Dataset section |
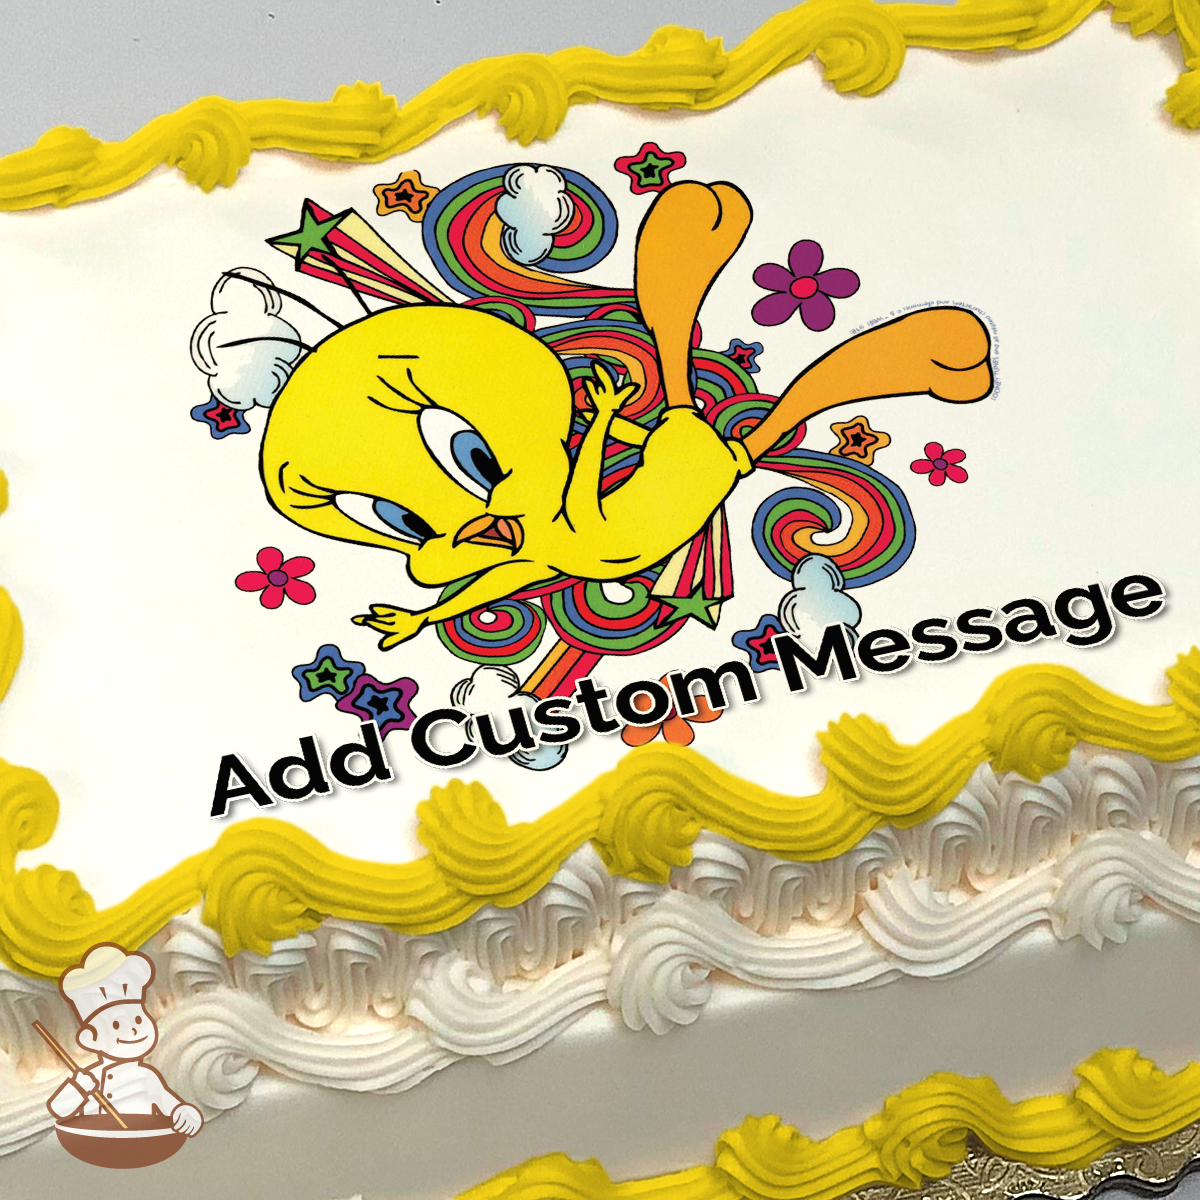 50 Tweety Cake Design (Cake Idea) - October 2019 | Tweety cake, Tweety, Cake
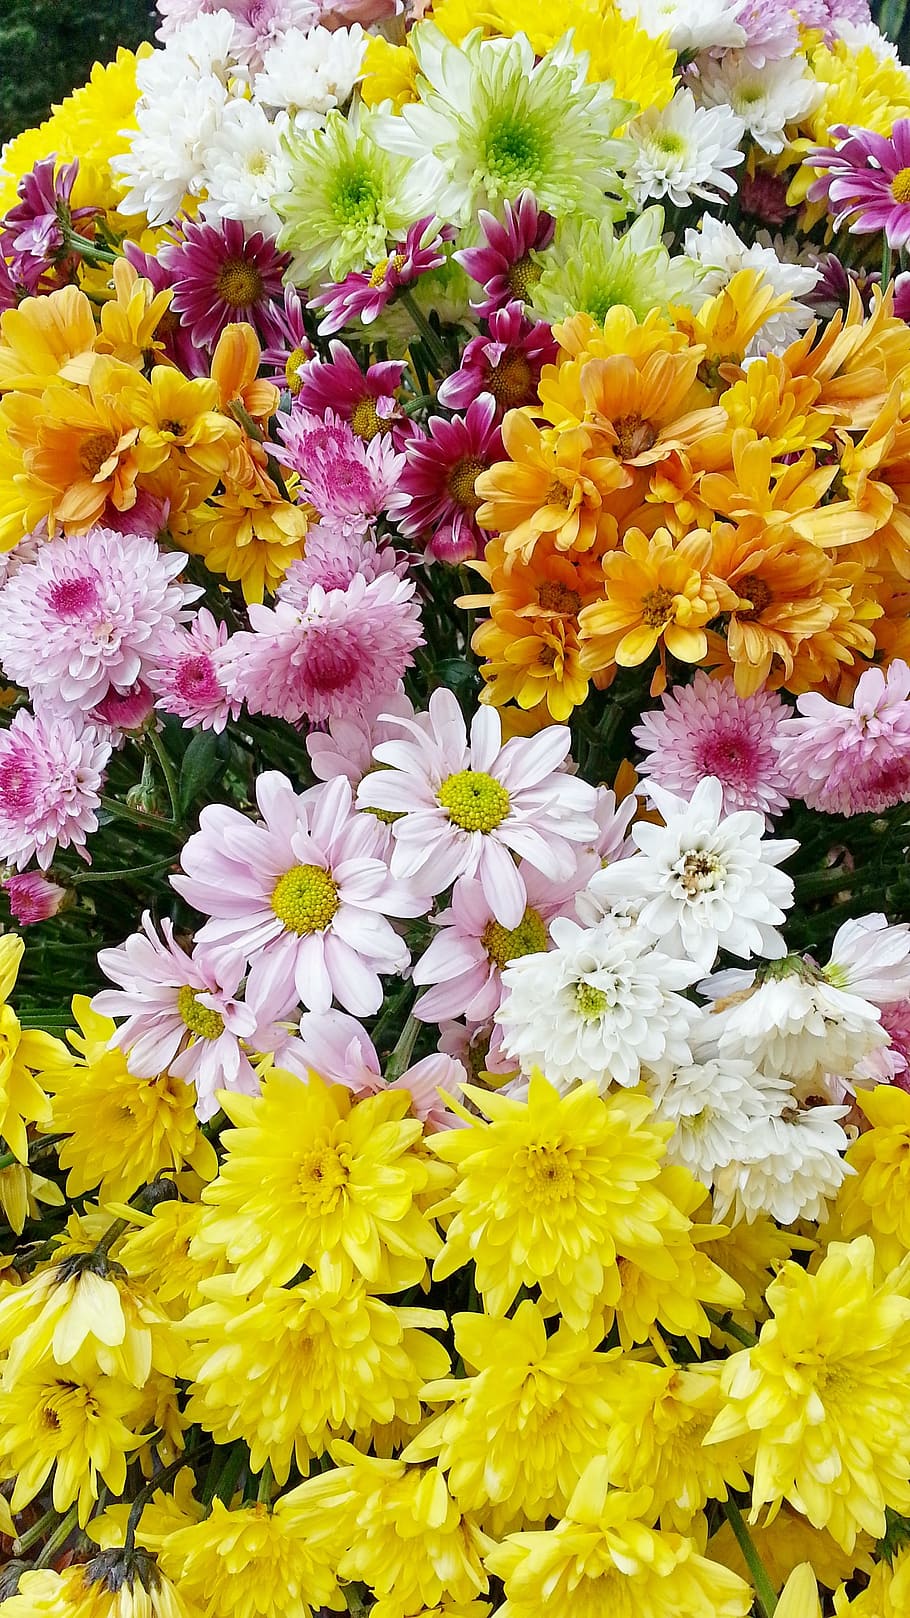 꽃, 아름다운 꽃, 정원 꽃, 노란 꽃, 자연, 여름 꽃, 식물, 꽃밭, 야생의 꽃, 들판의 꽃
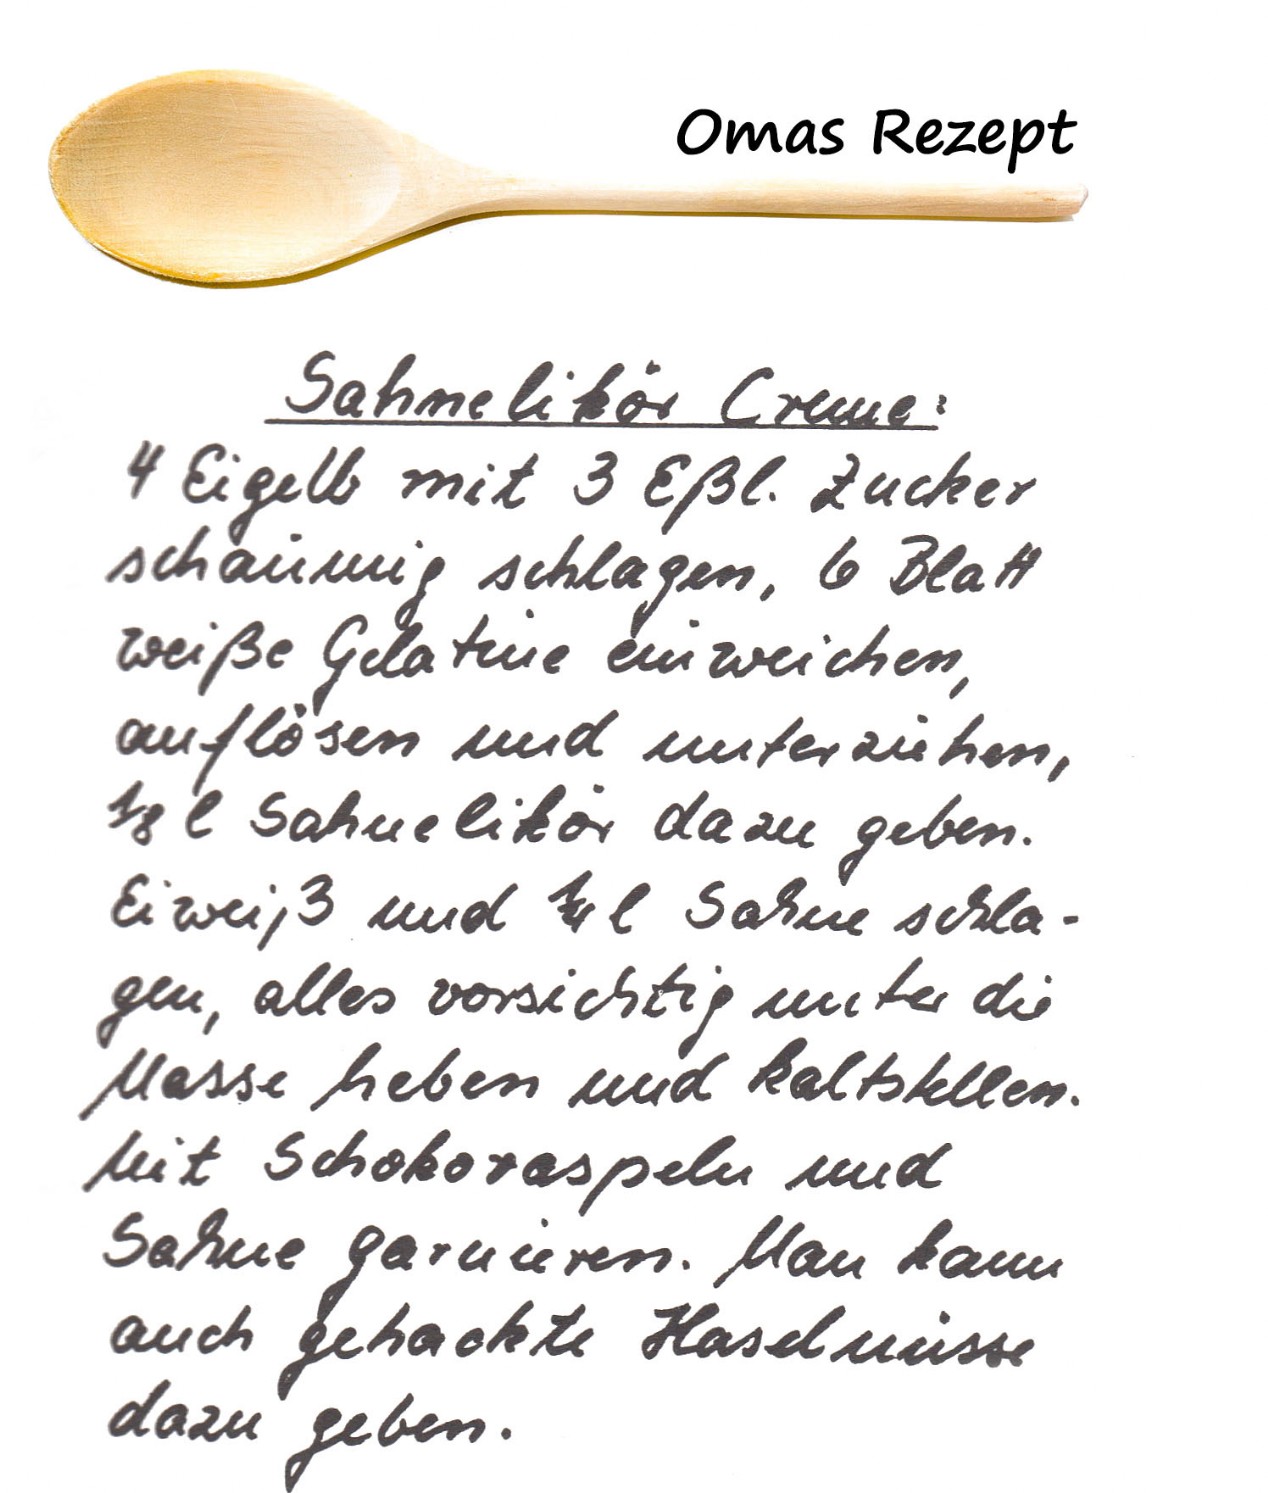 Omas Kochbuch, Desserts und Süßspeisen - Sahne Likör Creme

Task details | Your reply should consist solely of the lines from the line containing "꽃, 아름다운 꽃, 정원" through the last line of the listing, unchanged and free of pictures.

Solution |
 꽃, 아름다운 꽃, 정원 꽃, 노란 꽃, 자연, 여름 꽃, 식물, 꽃밭, 야생의 꽃, 들판의 꽃
 Omas Kochbuch, Desserts und Süßspeisen - Sahne Likör Creme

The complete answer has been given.